# Create ISA-API Investigation from Datascriptor Study Design configuration

# Factorial Study without observational factors

In this notebook I will show you how you can use a study design configuration is JSON format as produce by datascriptor (https://gitlab.com/datascriptor/datascriptor) to generate a single-study ISA investigation and how you can then serialise it in JSON and tabular (i.e. CSV) format.

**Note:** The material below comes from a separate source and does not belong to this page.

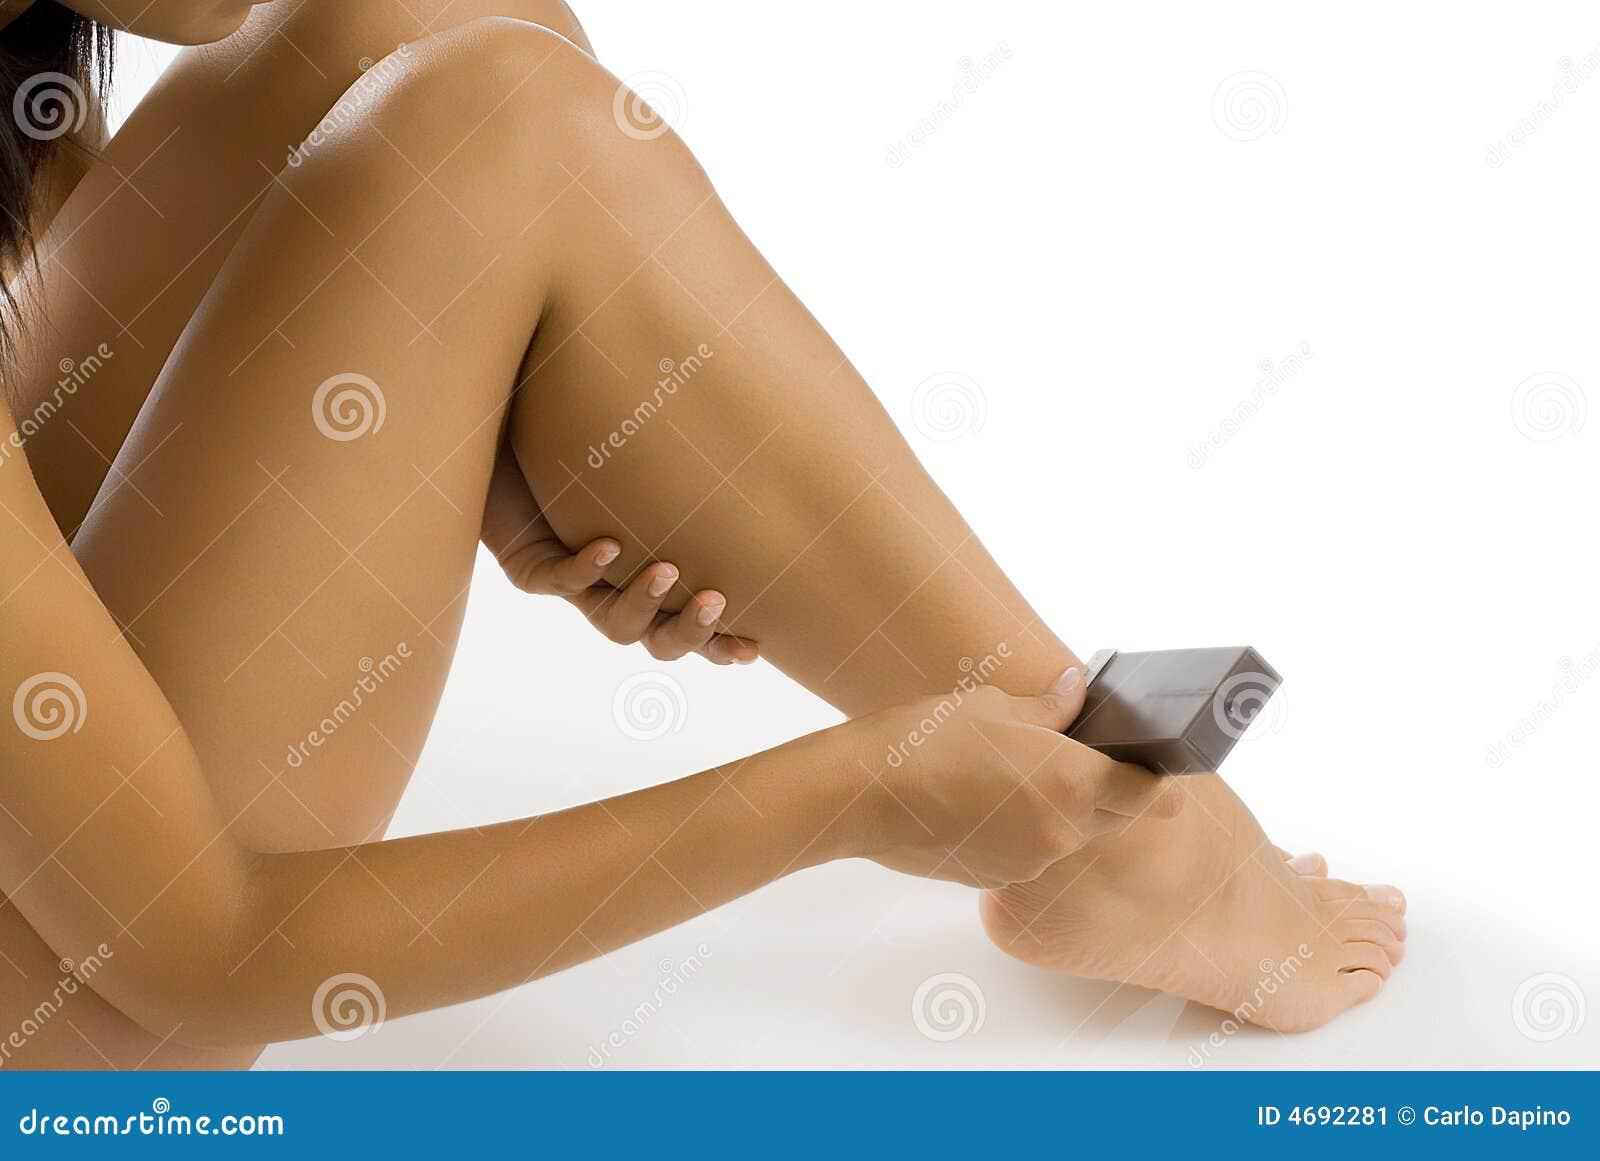 Cire dépilatoire sur des pattes

Or study design configuration consists of:
- a 6-arm study design. Each arm has 12 subjects
- Patients were randomised to one of 4 groups – intravenous streptokinase, oral aspirin, both or neither – and mortality was measured. at three different dosages (5, 10 mg/day)), for three different durations (30, 60 days)
- a screen phase before treatment (7 days)
- a follow-up phase after treatment (90 days)
- two sample types colllected: unspecified tissue, blood
- two assay types: 
    - Metabolite Profiling with Mass Spectrometry for unspecified tissue
    - Metabolite Profiling with NMR Spectroscopy for blood sample

## 1. Setup

Let's import all the required libraries

In [20]:
from time import time
import os
import json

In [21]:
## ISA-API related imports
from isatools.model import Investigation, Study

In [22]:
## ISA-API create mode related imports
from isatools.create.model import StudyDesign
from isatools.create.connectors import generate_study_design

# serializer from ISA Investigation to JSON
from isatools.isajson import ISAJSONEncoder

# ISA-Tab serialisation
from isatools import isatab

In [23]:
## ISA-API create mode related imports
from isatools.create import model
from isatools import isajson

## 2. Load the Study Design JSON configuration

First of all we load the study design configurator with all the specs defined above

In [24]:
with open(os.path.abspath(os.path.join(
    "config", "factorial-study-human-4-treatments.json"
)), "r") as config_file:
    study_design_config = json.load(config_file)
study_design_config

{'_id': '60d8b601b832df0008a19abc',
 'name': '4-treatments factorial study',
 'description': 'Patients were randomised to one of 4 groups – intravenous streptokinase, oral aspirin, both or neither – and mortality was measured. (Lancet 1988;ii:349-60 )',
 'design': {'subjectType': {'term': 'Homo sapiens',
   'iri': 'http://purl.obolibrary.org/obo/NCBITaxon_9606'},
  'subjectSize': 12,
  'designType': {'term': 'full factorial design',
   'id': 'STATO:0000270',
   'iri': 'http://purl.obolibrary.org/obo/STATO_0000270',
   'label': 'Study subjects receive a single treatment',
   'value': 'fullFactorial'},
  'observationalFactors': [],
  'subjectGroups': {'selected': [{'name': 'SubjectGroup_0',
     'type': {'term': 'Homo sapiens',
      'iri': 'http://purl.obolibrary.org/obo/NCBITaxon_9606'},
     'characteristics': []}],
   'unselected': []},
  'treatmentPlan': {'observationPeriod': {'name': 'observation period',
    'duration': None,
    'durationUnit': ''},
   'screen': {'selected': True

## 3. Generate the ISA Study Design from the JSON configuration
To perform the conversion we just need to use the function `generate_isa_study_design()` (name possibly subject to change, should we drop the "isa" and "datascriptor" qualifiers?)

In [25]:
study_design = generate_study_design(study_design_config)
assert isinstance(study_design, StudyDesign)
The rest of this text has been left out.